E’ con questa coscienza che i comunisti anarchici si sono impegnati nel referendum sull’estensione dell’art.18. Si trattava di una battaglia che cercava di sfruttare il limite abrogativo del meccanismo referendario per by-passare il parlamento e spalancare l’accesso all’art.18 ad altri 6 milioni di lavoratori. Avrebbe creato non pochi problemi al Patto per l’Italia ed a quanto esso prevede per sospendere gli effetti dell’art.18 in aziende che  in futuro superino i 15 dipendenti. Purtroppo  la nostra FdCA è stata l’unica federazione anarchica ad impegnarsi chiaramente in questa battaglia e ad entrare nei comitati per il SI’, mentre altrove si restava imprigionati nella trappola dell’astensionismo militante in imbarazzante compagnia, riproponendo quella politica confusionaria che oggi li ha collocati sul piano della Confindustria e del governo.

E la risposta di questi ultimi 2 insieme a grande parte dell’Ulivo è stata proprio dura: i ricatti nelle piccole aziende, lo spauracchio della crisi occupazionale, l’inciucio dell’astensionismo, la disinformazione dei media. Non hanno vinto, ma hanno impedito che vincesse il SI’. La posta in gioco era altissima: non potendo misurarsi usando il NO hanno puntato sul mancato quorum per fermare una diffusione del sindacato nelle piccole aziende, per avocare al parlamento e solo al parlamento la potestà di regolare il lavoro.

Non hanno vinto, ma hanno impedito che ci fossero mutamenti nei rapporti di forza attualmente a loro favorevoli.

E se 3 milioni in piazza a Roma il 23 marzo 2002 ci sono sembrati una grande dimostrazione di opposizione sociale al governo e di sfida al centro-sinistra, cosa dovremmo oggi concludere sugli 11 milioni che hanno votato SI’?  Vittime di un gioco politico perfido ed ormai vecchio di 1 anno tra Bertinotti e Cofferati?
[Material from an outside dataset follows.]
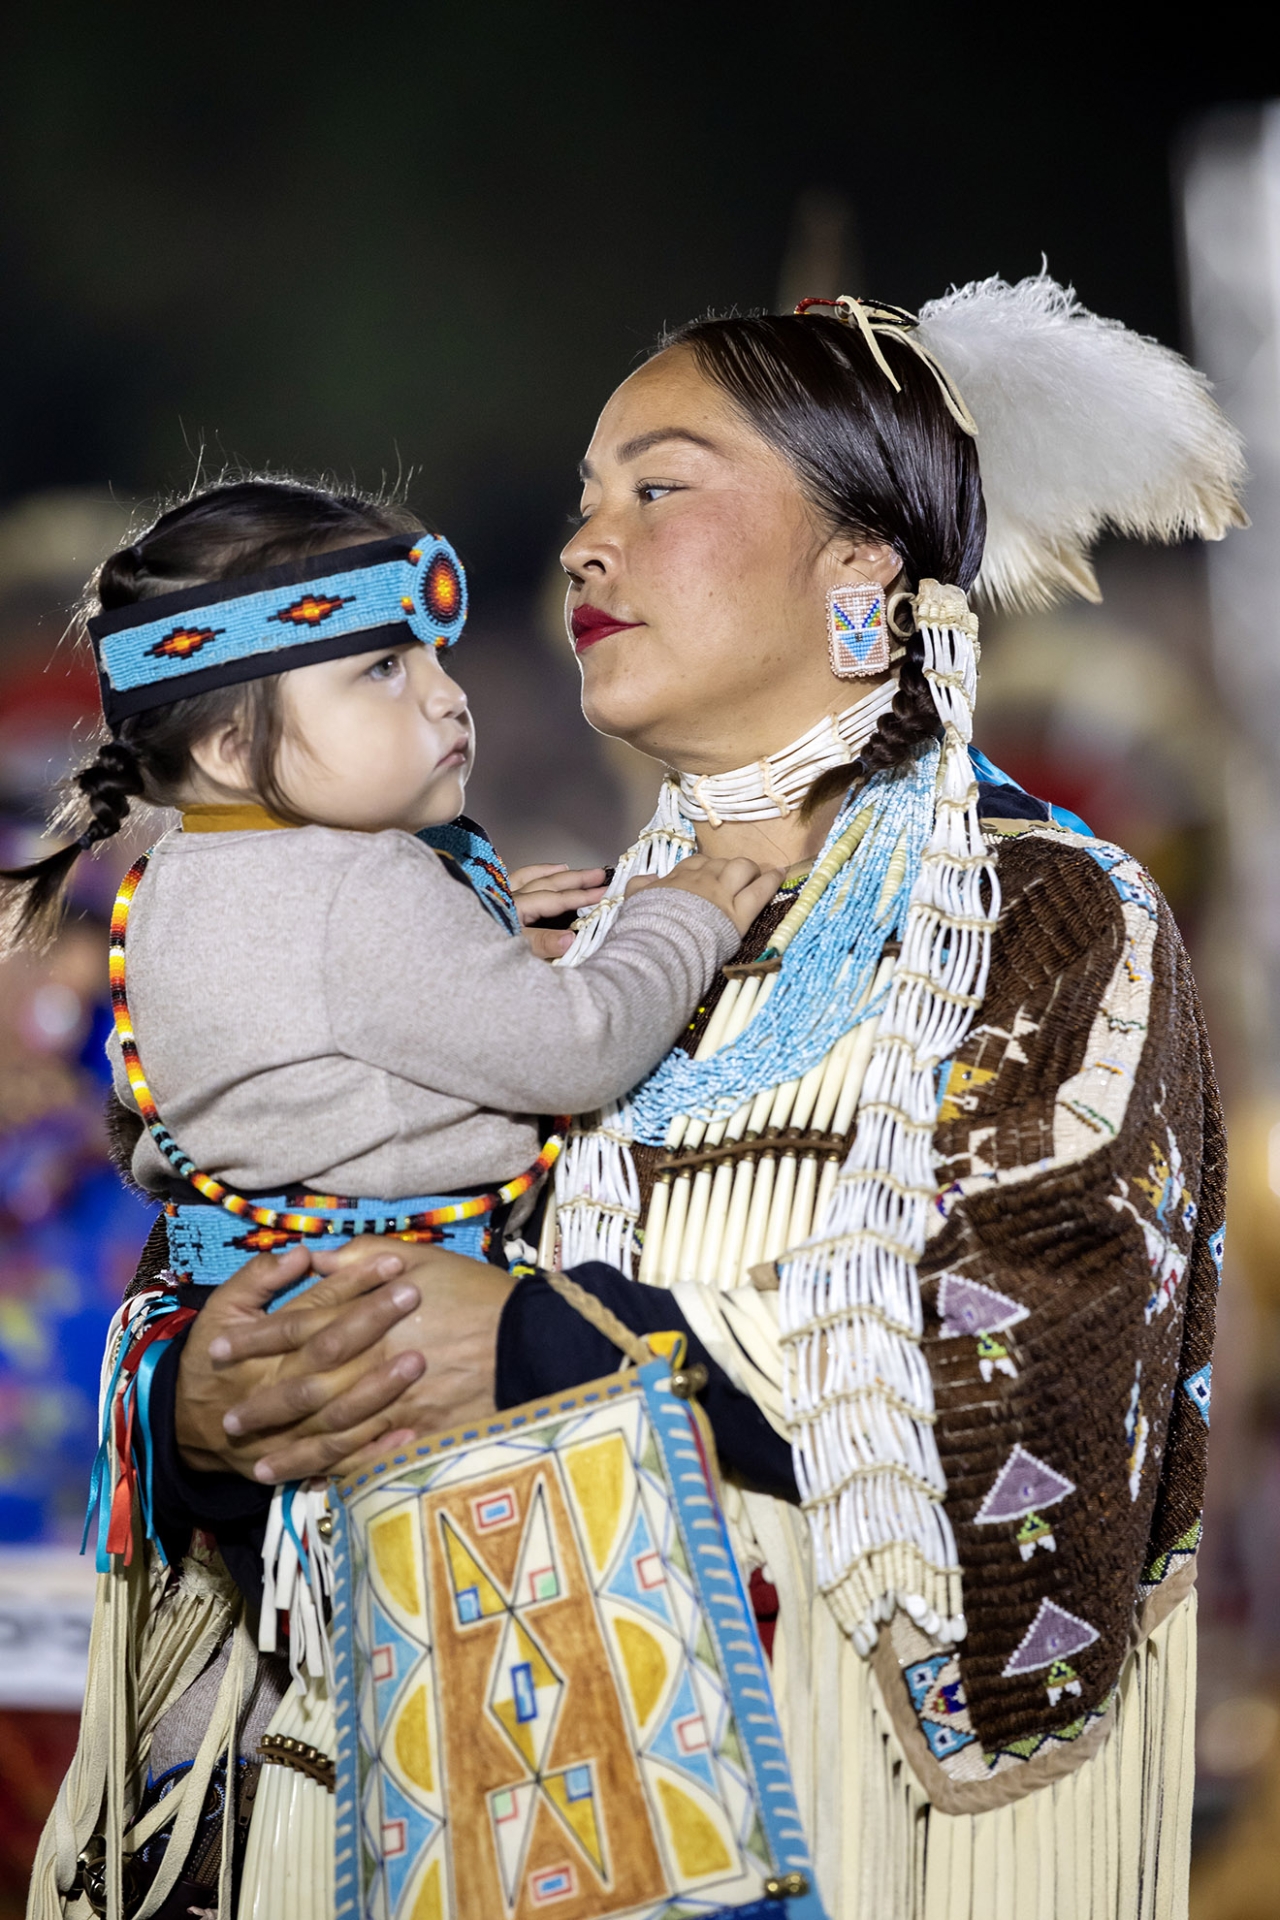 Pow Wow performer holding a child

Vittime dello Stato e dei meccanismi istituzionali del referendum? Oppure la dimostrazione oggi dell’esistenza di vasti settori di popolazione disposta ad esprimere la sua opposizione alle politiche del governo e pronta anche ad andare oltre le ambiguità di certi sindacati e di certi partiti del centro-sinistra? Quegli 11 milioni sono l’espressione di una inutilità, oppure sono un segnale di diffusa consapevolezza dello scontro in atto?  Ora che il referendum è passato si torna alle posizioni del 23 marzo 2002: il ddl 848bis che modifica l’art.18 è ancora lì pronto in parlamento. Dopo 1 anno –oggi lo sappiamo- siamo 8 milioni in più. Non ci hanno fatto vincere, ma siamo confortati nel proseguire il nostro lavoro nei movimenti, nei sindacati, nelle lotte di quartiere perché cresca l’opposizione sociale, l’autogestione delle lotte, la voglia di alternativa…libertaria.